Switzerland wants to cut bilateral deals with 12 countries by the end of this year to get off a list of countries drawn up by the Organisation for Economic Co-operation and Development that should improve their tax co-operation. So far Switzerland, whose private banks hold an estimated $2 trillion for wealthy people worldwide, has reached agreements with Denmark, Norway, France, Mexico and another unnamed country.
A spokesman for the Swiss Finance Ministry said that the country had reached an agreement with the US on Thursday, but that the Swiss parliament may refuse to ratify the deal if the IRS continues its civil case against UBS.
The IRS, the division of the US Treasury that handles taxation, launched a lawsuit in February to force UBS to hand over the names of 52,000 Americans with offshore accounts at the bank. In a response filed with a court in Miami in May, UBS said that giving up the names would cause the bank to break strict Swiss banking secrecy laws. Any information exchange should be government-to-government, the bank said.
The IRS is to file its response to UBS’s filing on June 30. The case will open on July 13.
UBS declined to comment on Switzerland’s new agreement with the United States. Shares in the bank were flat at lunchtime in New York at $13.28, as investors considered the implications of the agreement.

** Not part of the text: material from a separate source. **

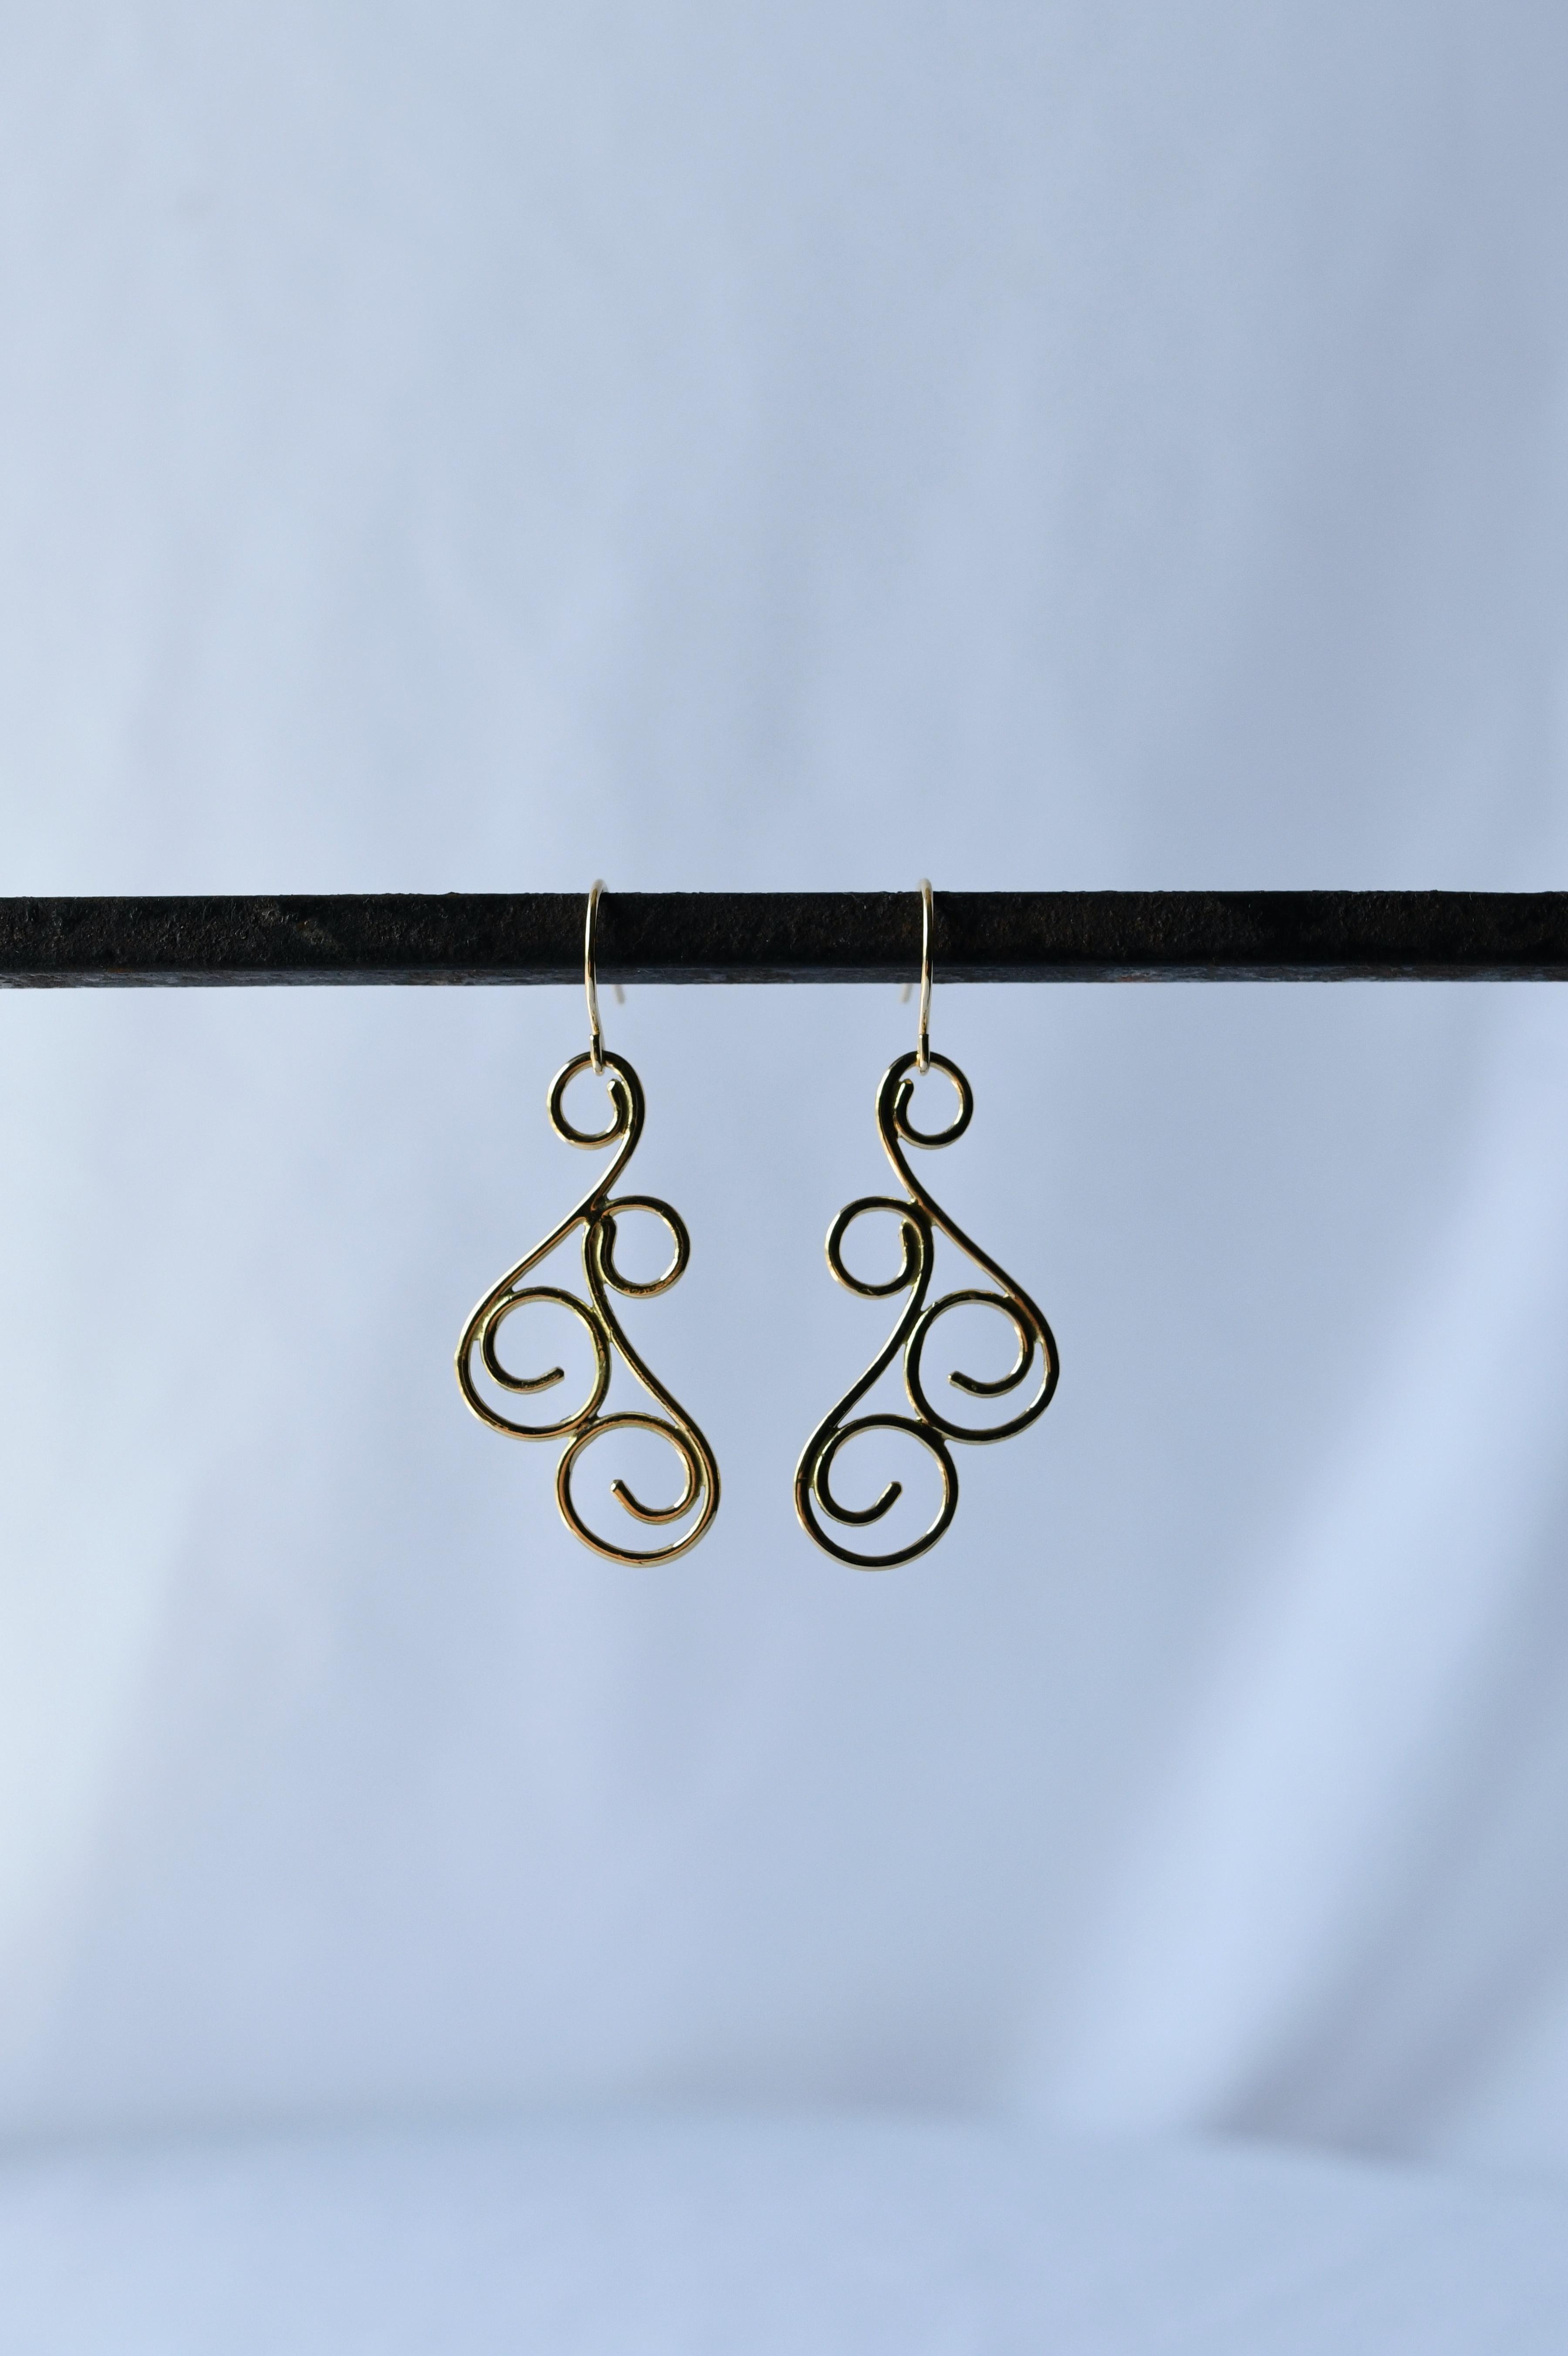 K18 Onpu Design Earrings  18金音符デザインピアス(イヤリング)

President Merz of Switzerland had previously told Timothy Geithner, the US Treasury Secretary, that his country was keen to go ahead with a bilateral tax agreement if the IRS dropped its case against UBS. Mr Geithner did not mention the case yesterday when he welcomed the new agreement. “This treaty will increase our ability to enforce our tax laws and will help bring an end to the era of offshore accounts and investments being used for tax evasion,” he said.
President Obama has made the eradication of tax evasion through offshore accounts one of his main concerns. Under US law, taxpayers with more than $10,000 (£6,000) in offshore accounts must disclose the sums to the tax authorities — but the IRS cannot catch individuals disobeying the law without knowing who they are and where their accounts are held.
In February, UBS avoided criminal prosecution in America for helping rich Americans to avoid paying tax on assets held overseas. The bank paid $780 million in fines and disbursements and gave the IRS the names of more than 250 customers. Two of these clients have since been prosecuted. A day after UBS agreed to pay the penalty, the IRS bought its civil suit seeking many more names.